Rucci back in a courtroom on trademark case for Hotel California


By ROBERT CONNELLY

rconnelly@vindy.com

AKRON

Businessman Sebastian Rucci was in court Wednesday on a restraining order related to allegations of trademark infringement against him for the name of his latest venture, Hotel California.

Rucci, his lawyers and lawyers representing Richard A. Butler III of California-based Ocean Avenue Properties were in front of Judge John R. Adams in U.S. District Court Northern District of Ohio.

The complaint from Ocean Avenue Properties details how it started a hotel in Santa Monica, Calif., in 1997 and named it Hotel California — a name also popularized in song by the band The Eagles.

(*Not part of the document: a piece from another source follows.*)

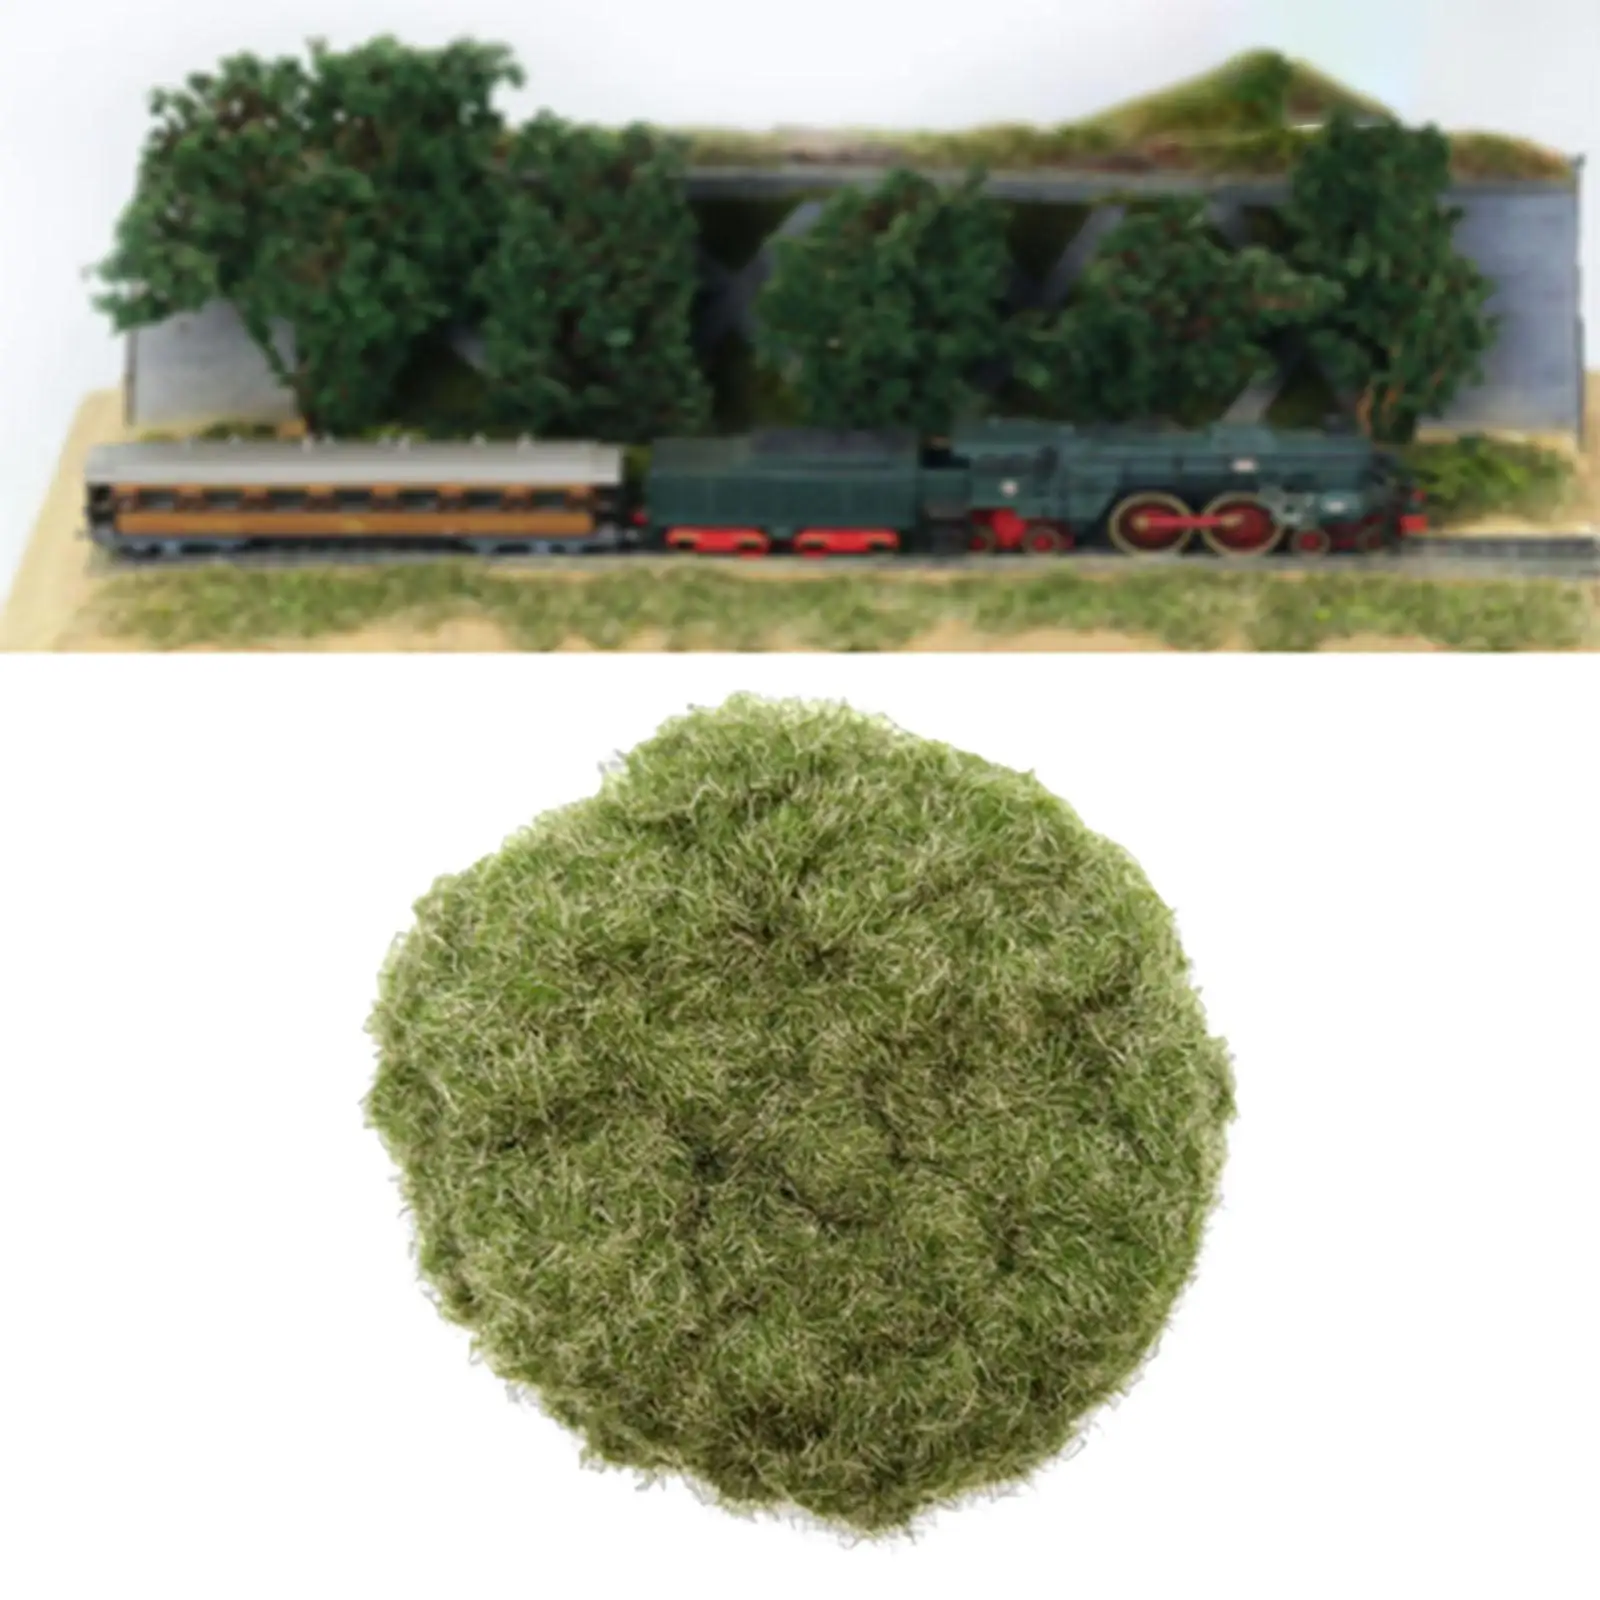 Grass Terrain Powder Miniature Model Micro Landscape Building Sand Table DIY

Judge Adams did not make a ruling on a temporary restraining order Wednesday but is expected to make a ruling in a few days, said John Little, a clerk. “Regardless of how the judge handles the temporary-restraining- order request, he would set a date for a preliminary injunction hearing ... no more than two weeks after” this decision, Little said.

Rucci had filed an opposition to the temporary restraining order and a motion to dismiss Wednesday morning, and both of those will be looked at by the judge after he first rules on the restraining order.

The complaint alleges trademark infringement, trademark counterfeiting and violation of the Ohio Deceptive Trade Practices Act and no less than a $500,000 award to be determined at a trial.

Ocean Avenue also recently has begun to franchise and license its brand in California, including San Francisco, and Butler filed a trademark for the hotel name with the U.S. Patent and Trademark Office on Sept. 19, 1996, the complaint says.

Butler received the registration on the principal register for his trademark July 8, 1997. Years later, on April 6, 2004, Butler received registration for the trademark The Hotel California “for ‘Hotel, motel and furnished lodging services,’” the complaint said.

The complaint also details Rucci’s past with the Go Go Girls Cabaret at the same site as Hotel California.

Ocean Avenue sent Rucci a cease-and-desist letter July 14 this year, and another one Oct. 8. Ocean Avenue said there was no response to either.

Rucci filed an application for trademark of Hotel California to the USPTO on Sept. 21. Three days later, he submitted another application for the trademark Hotel Cali, also to the USPTO. On those applications, Rucci signed a statement saying that, to his knowledge, no other person had a trademark on those two hotel names.

Then, on Oct. 6, there was a trademark and service mark application filed to the Ohio secretary of state for the mark “Hotel California” and in that, Rucci said he was the owner of the mark and that no one else in the country had the mark.